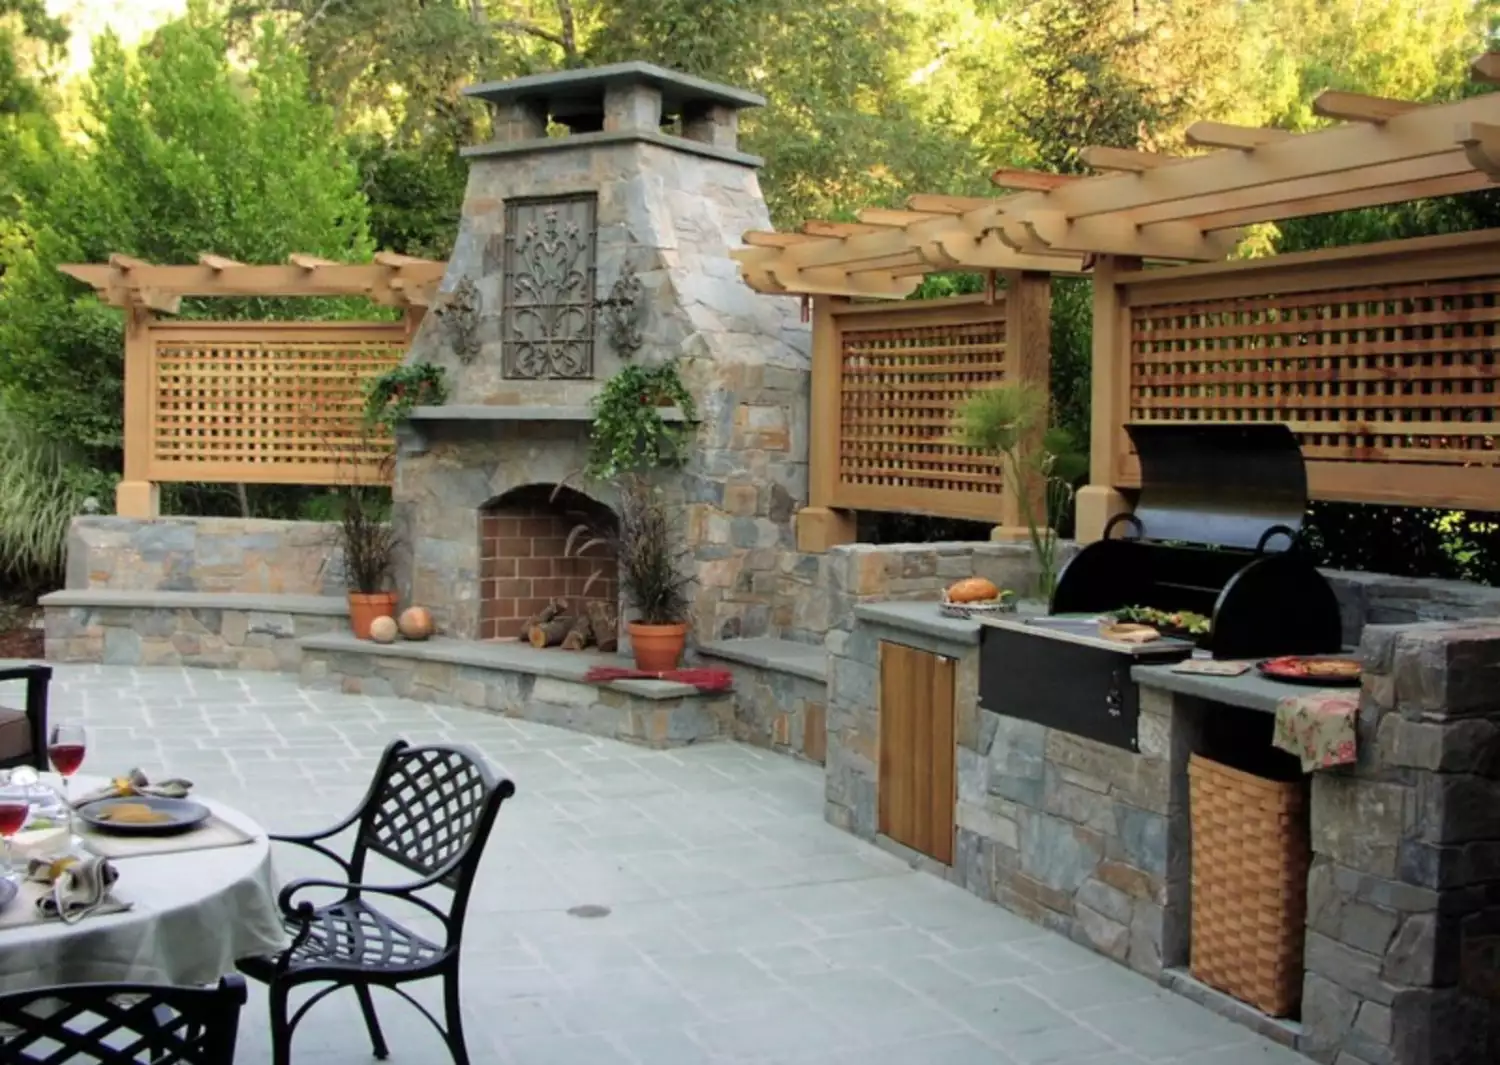 26 dreamy outdoor kitchen ideas for nature lovers
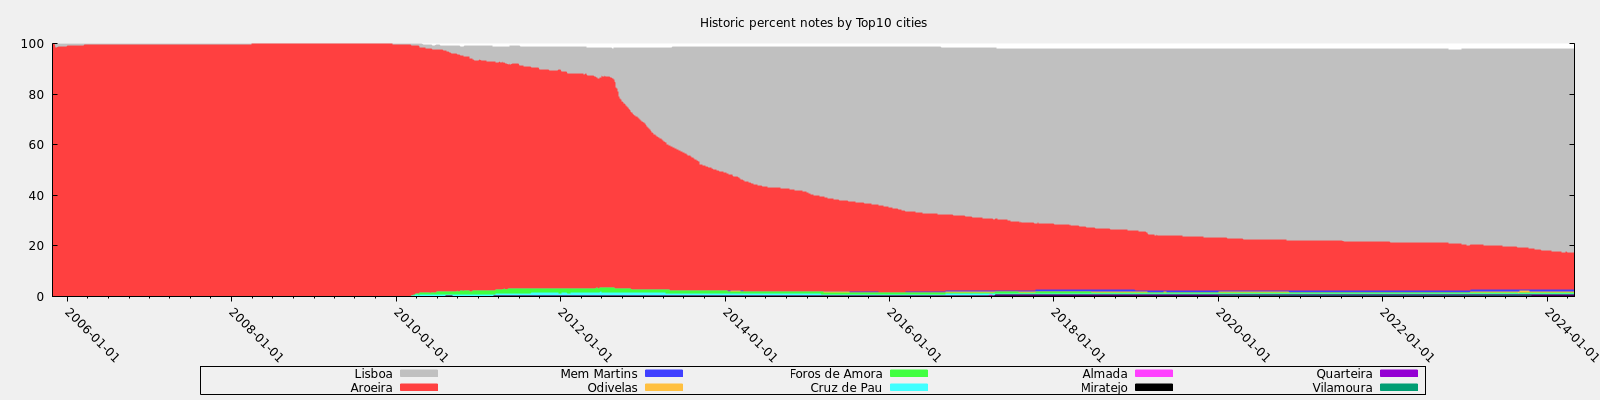 Historic percent notes by Top10 cities
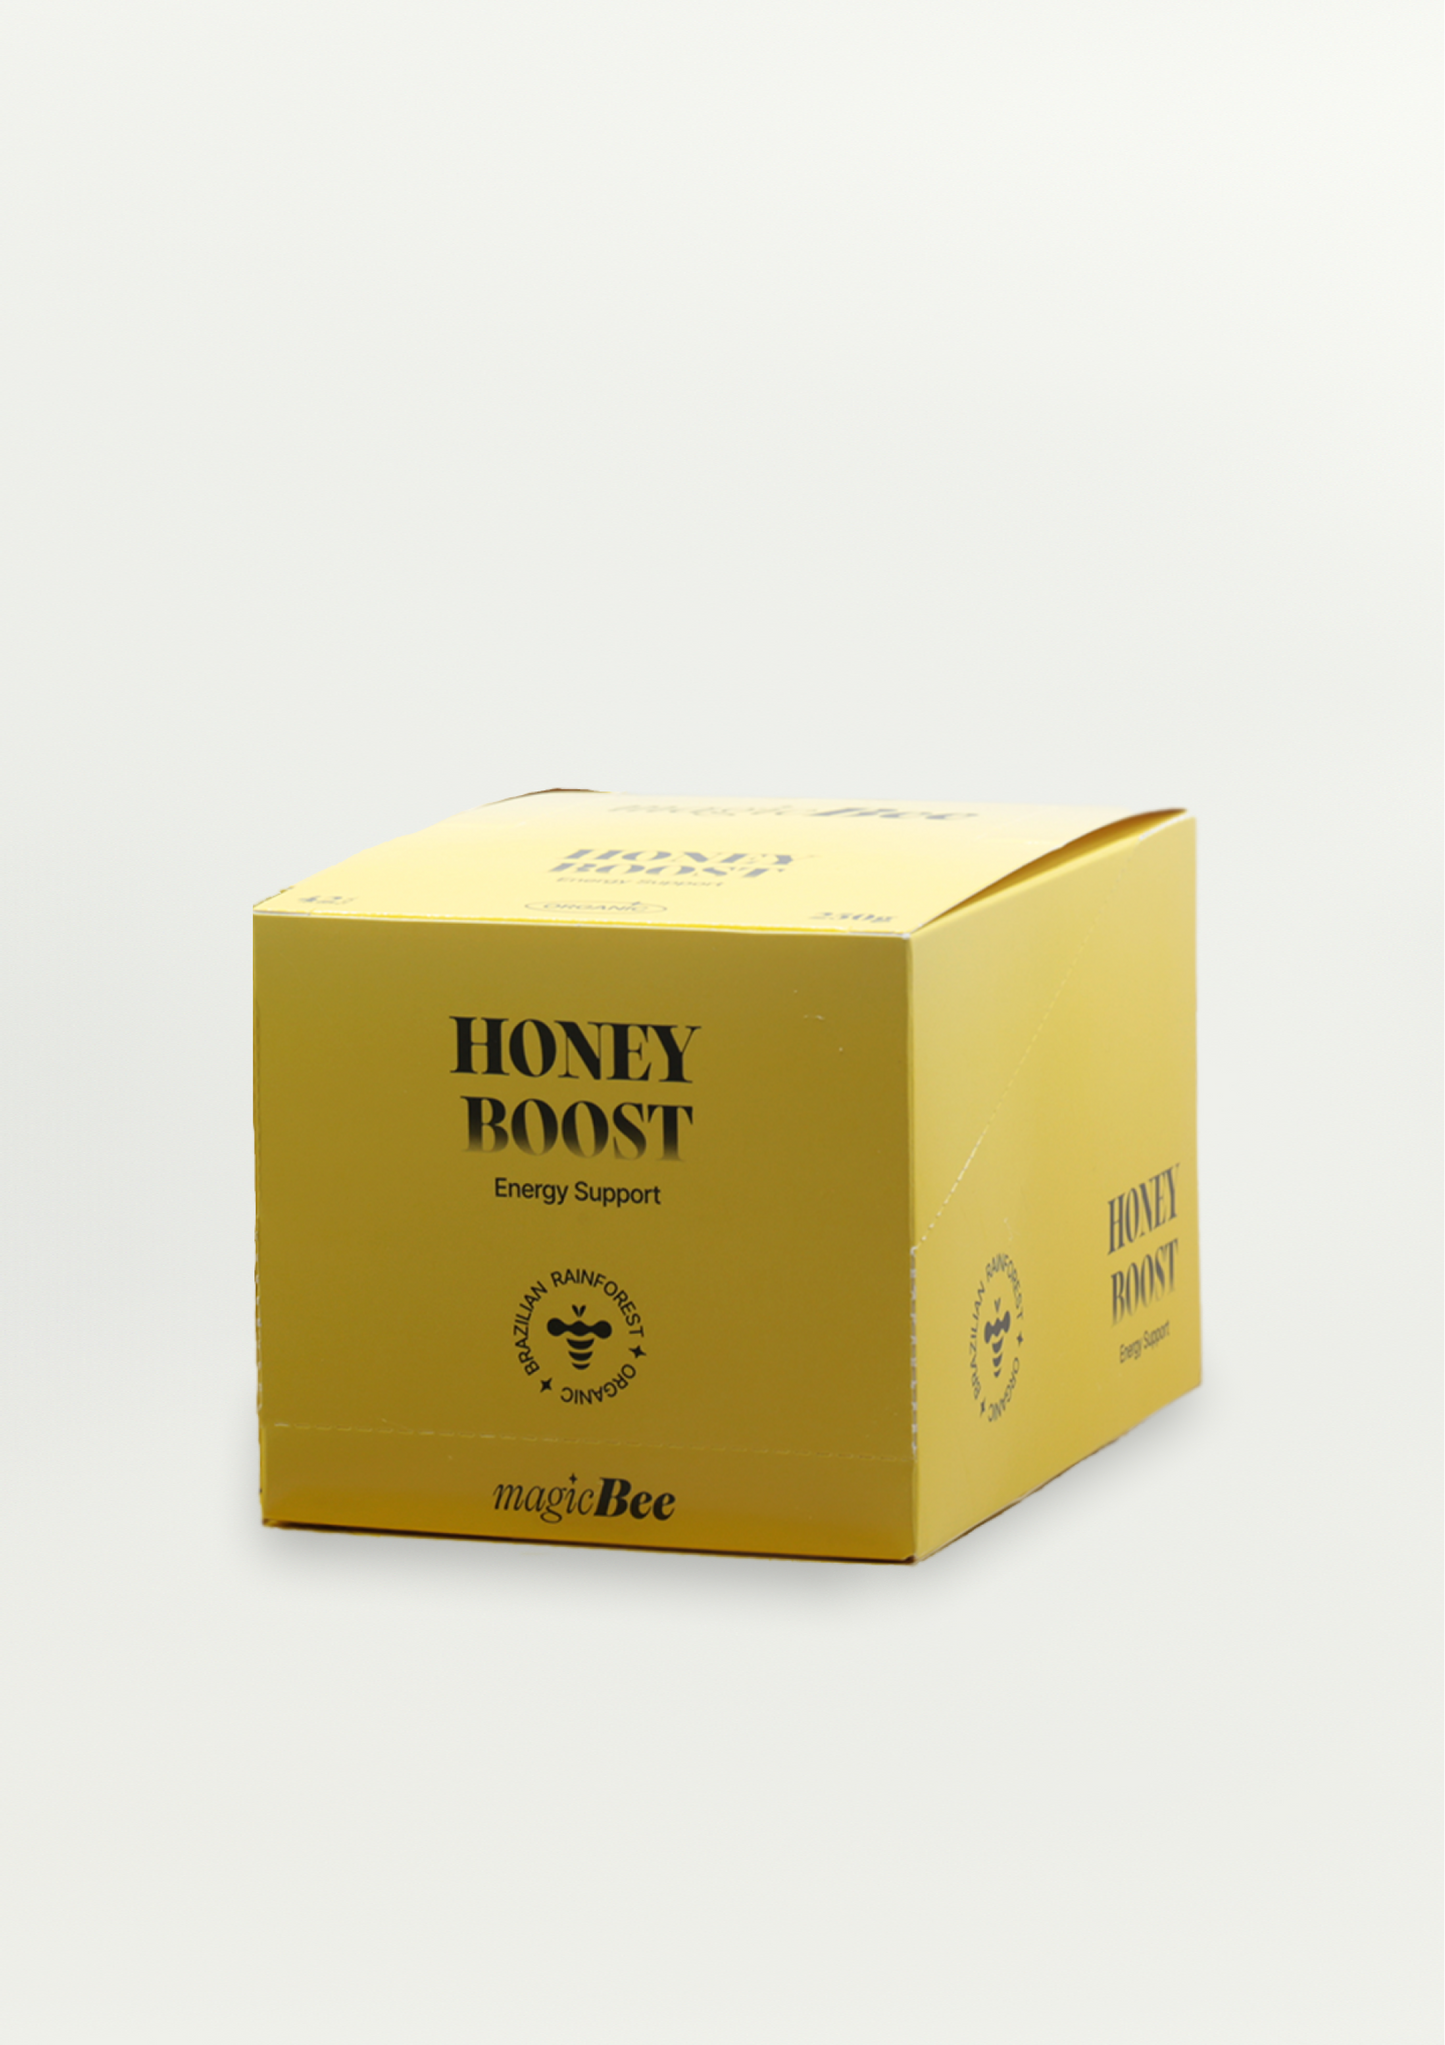 Honey Boost Package (10 units)

*****

The task:
Quote each line of the listing exactly, but leave the pictures out.

Reply to the task:
 26 dreamy outdoor kitchen ideas for nature lovers
 Historic percent notes by Top10 cities
 Honey Boost Package (10 units)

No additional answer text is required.